OMNIBUS: The $1.3 trillion omnibus spending bill has money for the controversial Yazoo River backwater pumps project that critics say could destroy thousands of acres of wetlands. Photo by the U.S. Army Corps of Engineers

Retiring U.S. Sen. Thad Cochran received some touching tributes from other senators Thursday and will have the federal courthouse in Jackson named after him, the 10th longest serving U.S. Senator.

One thing that he wasn't able to secure on his way out of the Capitol as chairman of the Senate Appropriations Committee was funding in the $1.3 trillion omnibus spending bill for the controversial Yazoo River Backwater Pumps Project.

The 2,235-page omnibus spending package could avert another shutdown, which is looming after today. It would only fund the federal government through September 30, the end of the fiscal year.

President Donald Trump, on his Twitter page, threatened a possible veto of the bill this morning over the much-reduced funding for the wall on the Mexican border and no action to deal with the Deferred Action for Childhood Arrivals program. The Obama administration-created program, which was created in 2012 and Trump has tried unsuccessfully to shutter thanks to several federal court decisions, allowed minor immigrant children meeting certain conditions to receive two years of deferred action on deportment and a work permit.

THREAT: President Donald Trump could possibly veto the $1.3 trillion spending bill that only covers the nation until September 30.

U.S. Rep. Trent Kelly (R-Union) was the only member of the Mississippi congressional delegation to vote against the omnibus spending bill, which passed the House Thursday by a 233-186 margin and the Senate today just after midnight by a 65-32 margin.

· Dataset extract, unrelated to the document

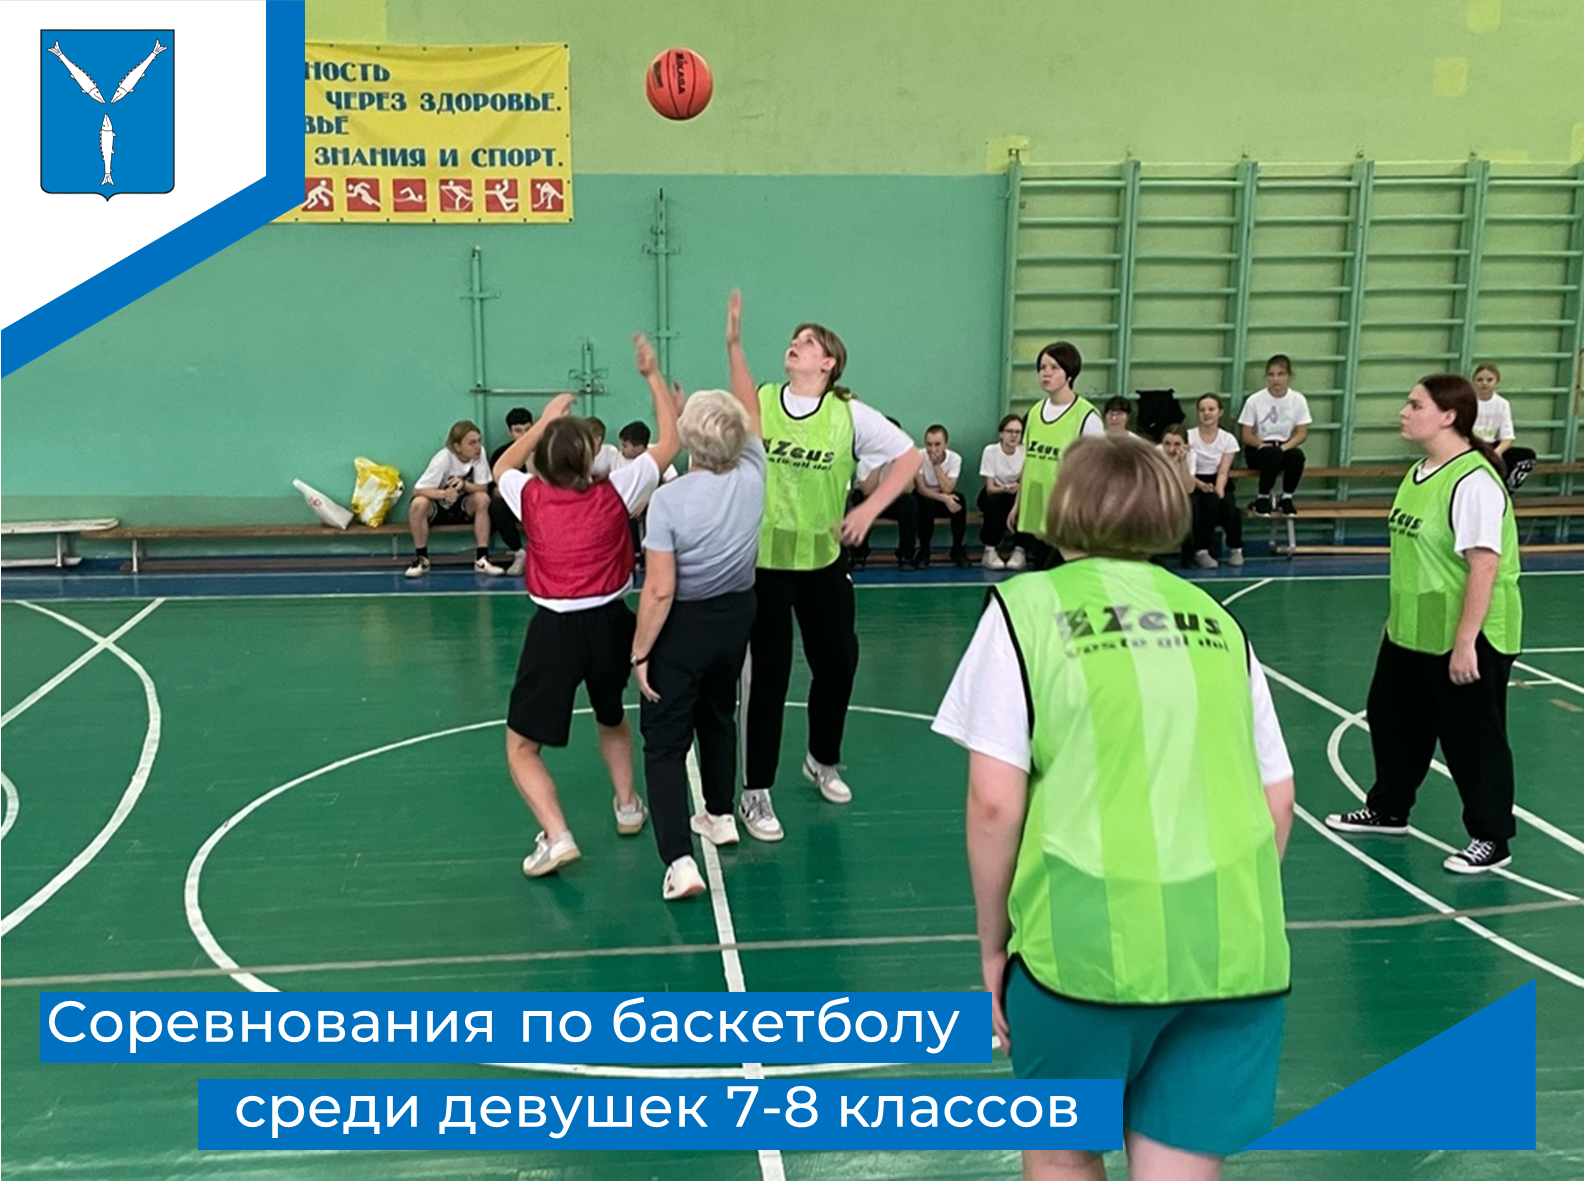 Соревнования по баскетболу среди девушек 7-8 классов.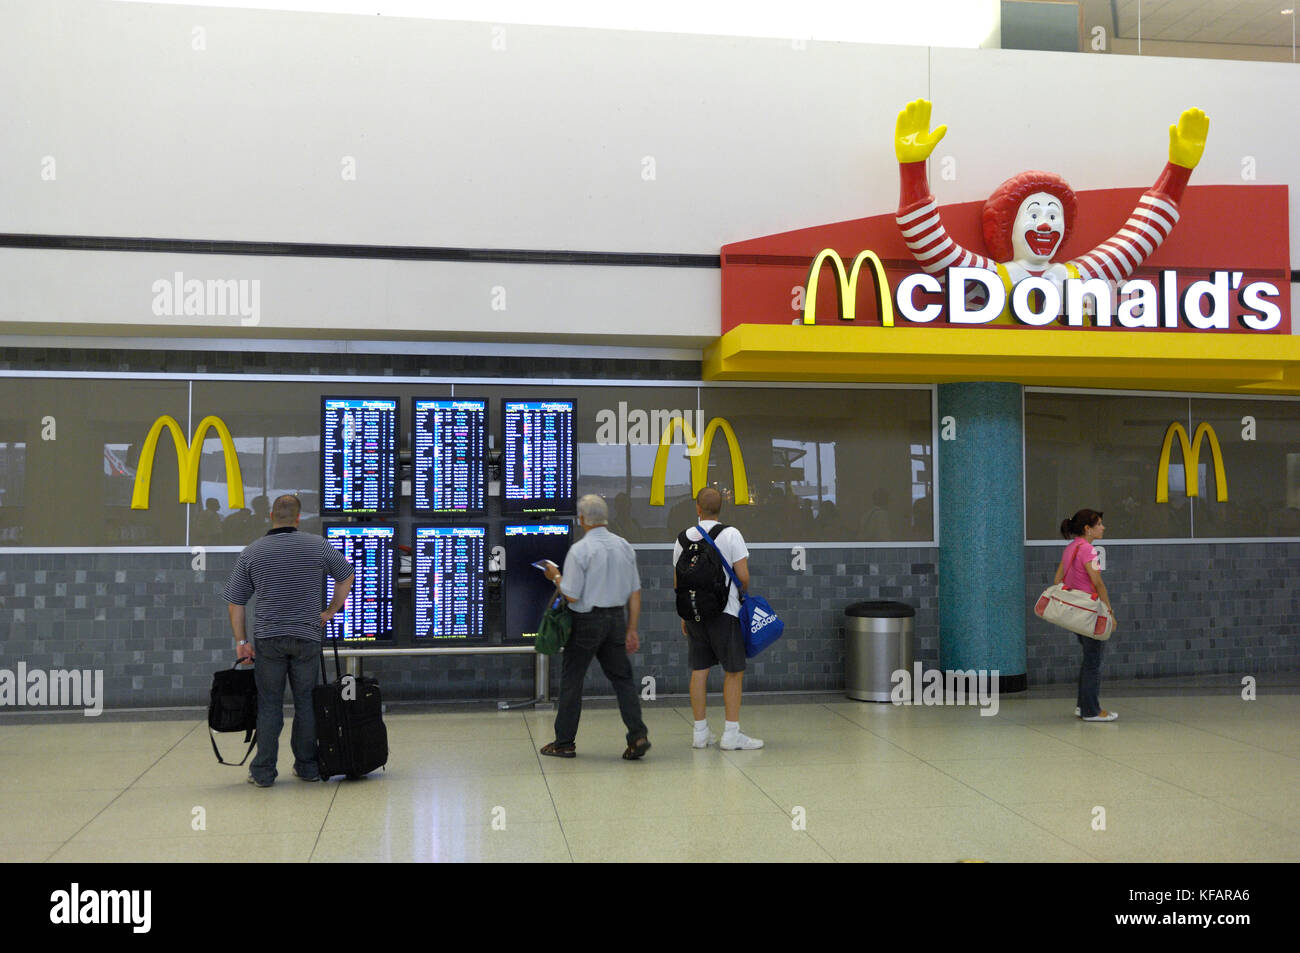 Passagiere mit Gepäck auf dem Flug Informationen Bildschirme neben Mcdonald's in der TerminalC Stockfoto

The Yazoo Pumps project would have consisted of one of the largest pumping stations ever built — with a pumping capacity of 14,000 cubic feet of floodwater per second — that would removed it from than 630,000 acres of marginal farmland between the Mississippi and Yazoo rivers during floods on the Mississippi River. This area, known as the Yazoo backwater, floods every other year and the pumping station on Steele Bayou would've sent the floodwaters to the Mississippi.

The project was supposed to cost $220 million, with annual maintenance costs running about $2.1 million. The project was torpedoed by the Environmental Protection Agency in 2008 after studies showed that it would've harmed more than 200,000 acres of valuable wetlands, including the Panther Swamp National Wildlife Refuge, the Yazoo National Wildlife Refuge and the Delta National Forest.

The EPA's decision was later confirmed in U.S. federal court in 2011 after defenders of the project mounted a legal challenge to the EPA. The project bubbled up from the muck last last year after Cochran put a rider into a draft appropriations bill that would've not only funded the project, but also shut down any dissent by the courts or regulators over it.